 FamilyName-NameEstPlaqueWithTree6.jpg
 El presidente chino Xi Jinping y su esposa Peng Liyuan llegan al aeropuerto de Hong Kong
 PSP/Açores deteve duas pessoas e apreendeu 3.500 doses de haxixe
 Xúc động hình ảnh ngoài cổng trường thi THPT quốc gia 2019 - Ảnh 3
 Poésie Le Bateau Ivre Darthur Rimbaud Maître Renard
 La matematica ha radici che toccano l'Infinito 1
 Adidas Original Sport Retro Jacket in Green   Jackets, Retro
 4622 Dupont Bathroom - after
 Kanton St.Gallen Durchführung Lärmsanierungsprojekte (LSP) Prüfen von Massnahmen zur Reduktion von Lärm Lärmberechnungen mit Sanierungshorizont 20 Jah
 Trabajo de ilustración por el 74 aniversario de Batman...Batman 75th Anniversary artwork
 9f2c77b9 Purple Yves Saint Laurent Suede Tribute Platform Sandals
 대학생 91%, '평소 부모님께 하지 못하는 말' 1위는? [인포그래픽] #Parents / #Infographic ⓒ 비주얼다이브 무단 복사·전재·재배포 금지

### YOUR INSTRUCTIONS
From the records above, extract exactly and only the lines that begin at the line with "PSP/Açores deteve duas" and stop after the line with "4622 Dupont Bathroom - after".

### OUTPUT BELOW
 PSP/Açores deteve duas pessoas e apreendeu 3.500 doses de haxixe
 Xúc động hình ảnh ngoài cổng trường thi THPT quốc gia 2019 - Ảnh 3
 Poésie Le Bateau Ivre Darthur Rimbaud Maître Renard
 La matematica ha radici che toccano l'Infinito 1
 Adidas Original Sport Retro Jacket in Green   Jackets, Retro
 4622 Dupont Bathroom - after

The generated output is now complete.